** Opening INFORMATION PROVIDED block **

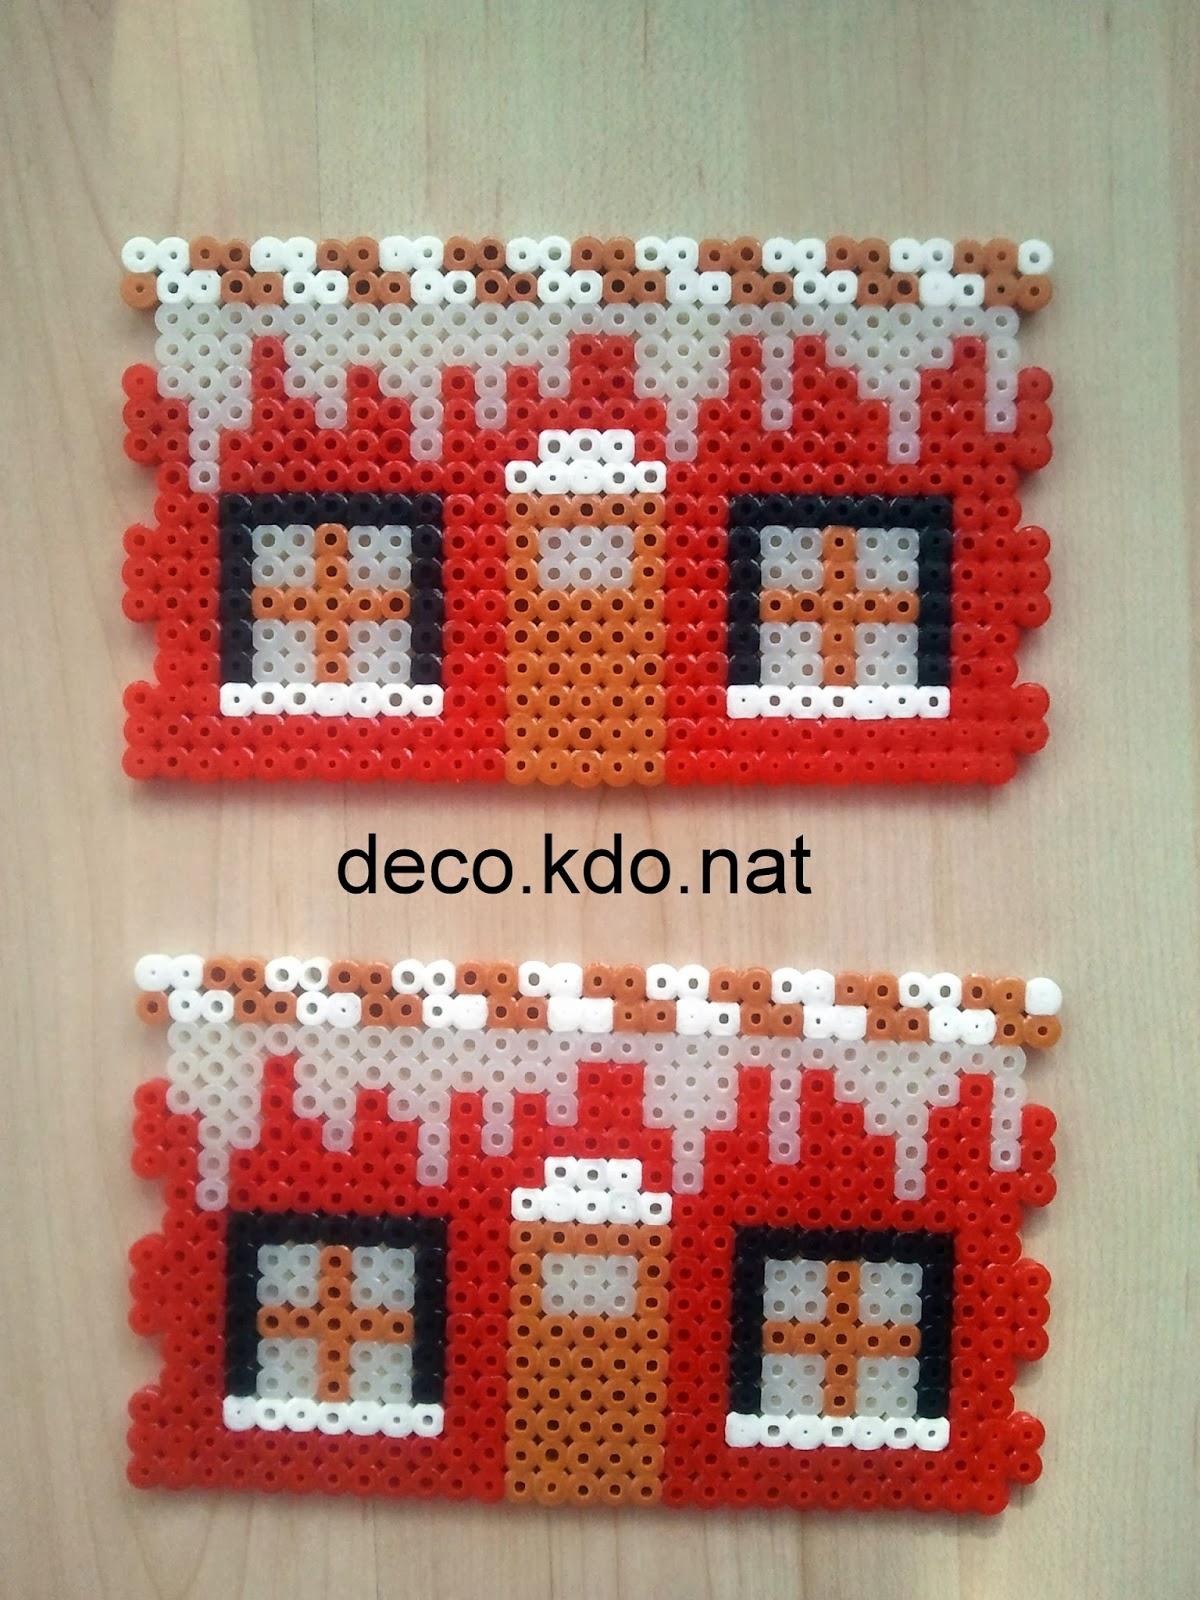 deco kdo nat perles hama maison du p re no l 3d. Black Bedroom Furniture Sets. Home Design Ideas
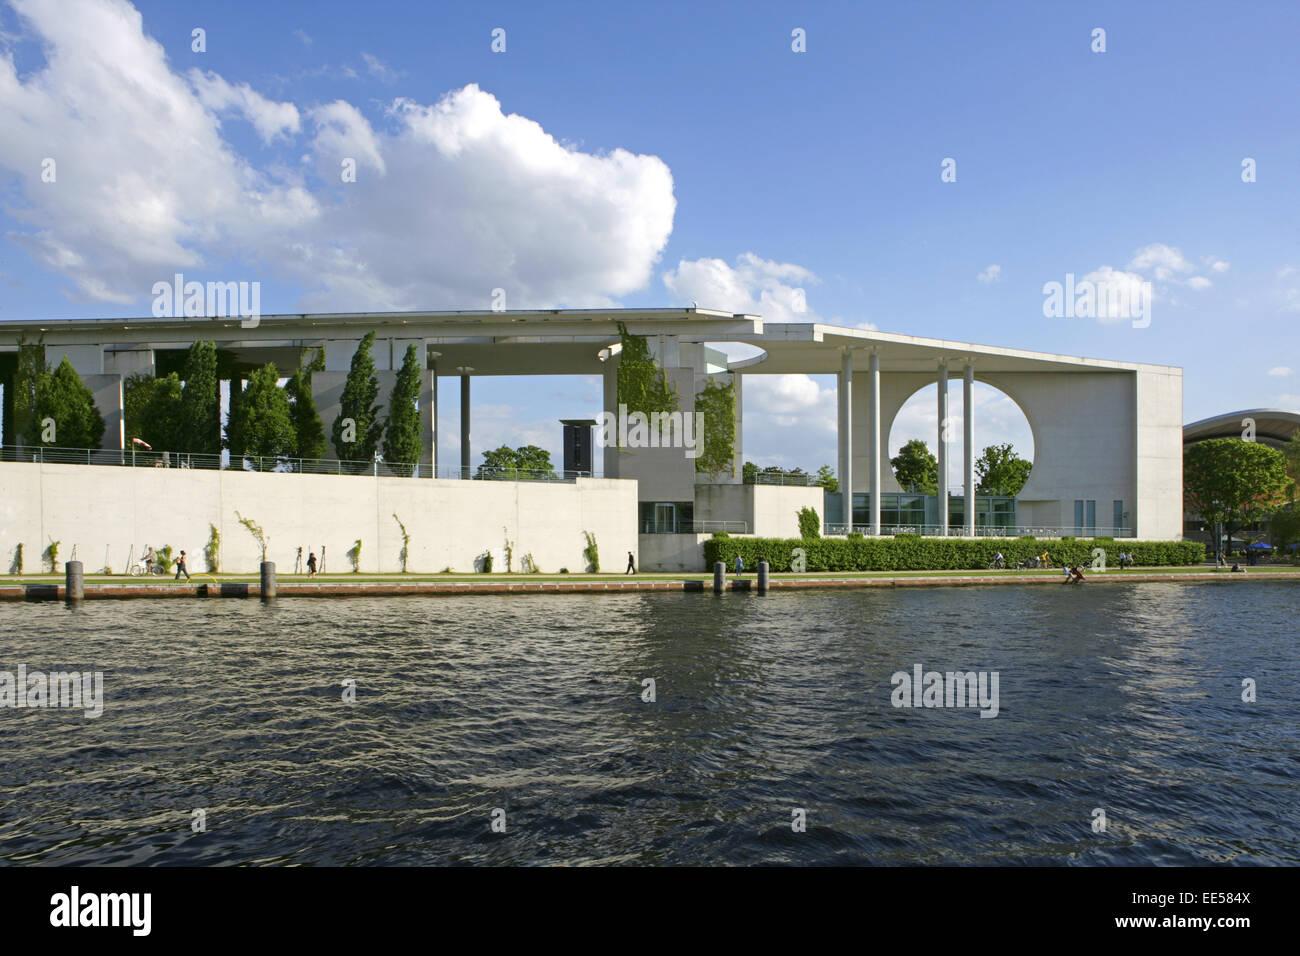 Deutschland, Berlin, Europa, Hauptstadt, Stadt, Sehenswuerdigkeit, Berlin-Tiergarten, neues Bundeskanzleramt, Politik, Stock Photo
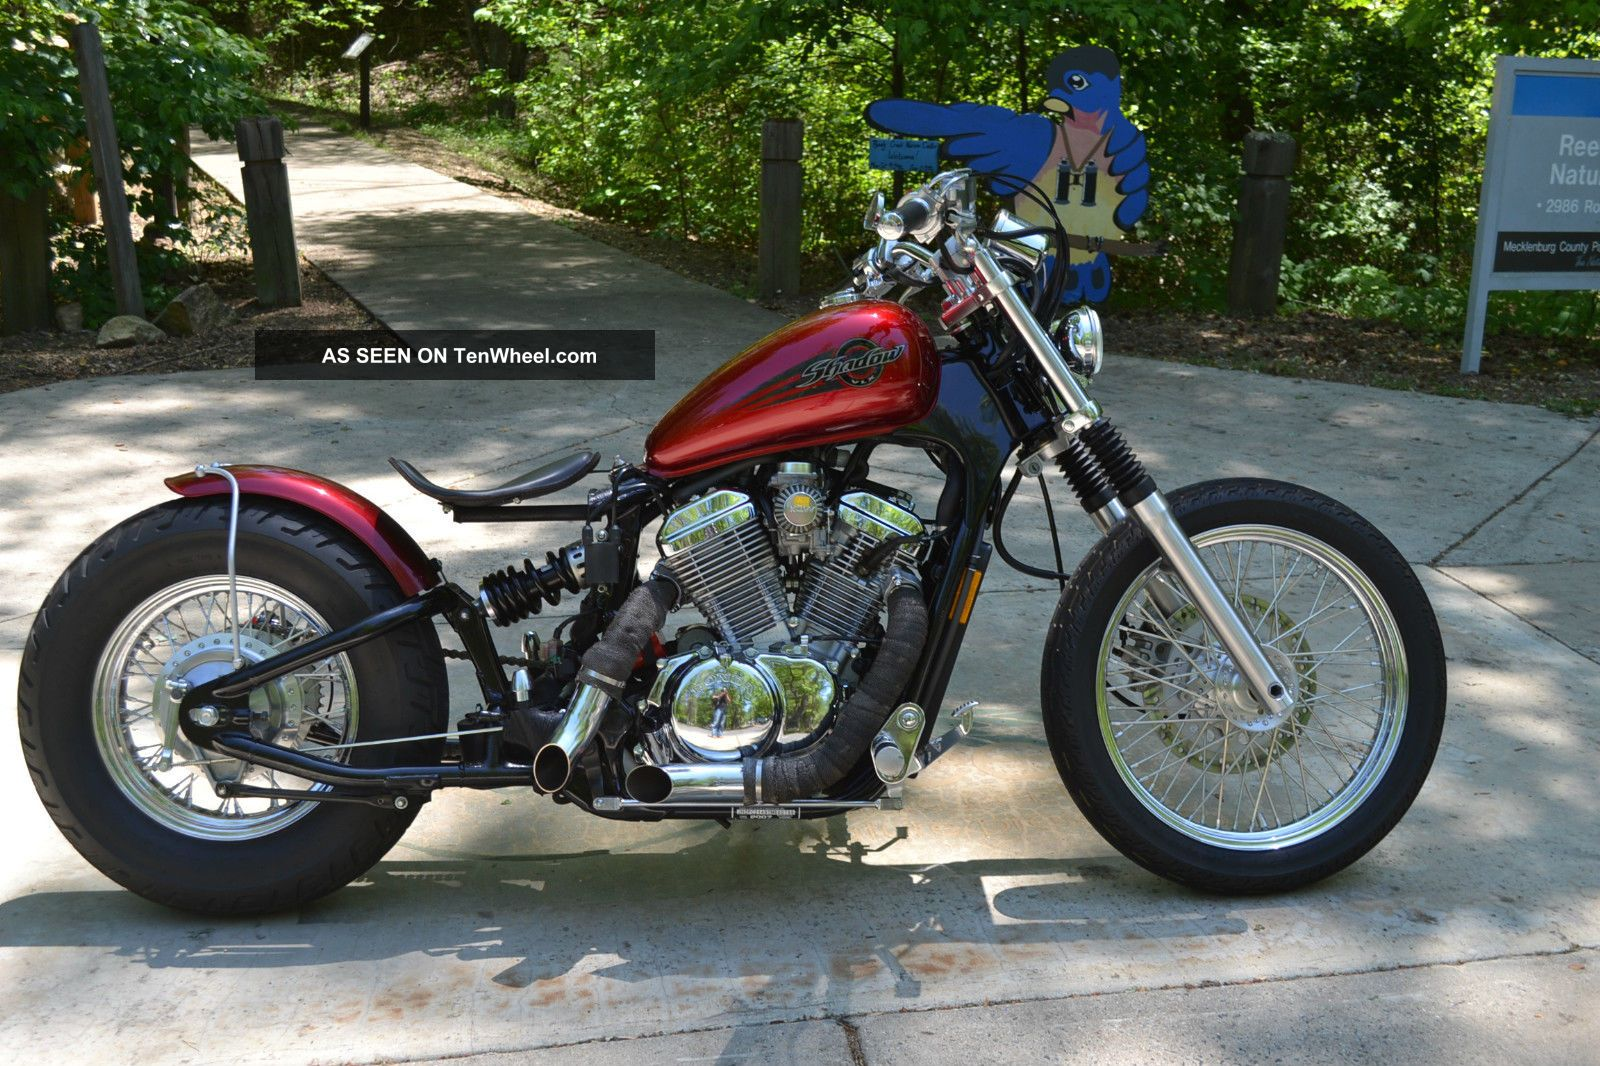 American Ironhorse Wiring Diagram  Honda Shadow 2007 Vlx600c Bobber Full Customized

** Closing INFORMATION PROVIDED block **

● WHAT TO PRODUCE: Leaving out the pictures, repeat the data above exactly.

● EXERCISE OUTPUT:
 deco kdo nat perles hama maison du p re no l 3d. Black Bedroom Furniture Sets. Home Design Ideas
 Deutschland, Berlin, Europa, Hauptstadt, Stadt, Sehenswuerdigkeit, Berlin-Tiergarten, neues Bundeskanzleramt, Politik, Stock Photo
 American Ironhorse Wiring Diagram  Honda Shadow 2007 Vlx600c Bobber Full Customized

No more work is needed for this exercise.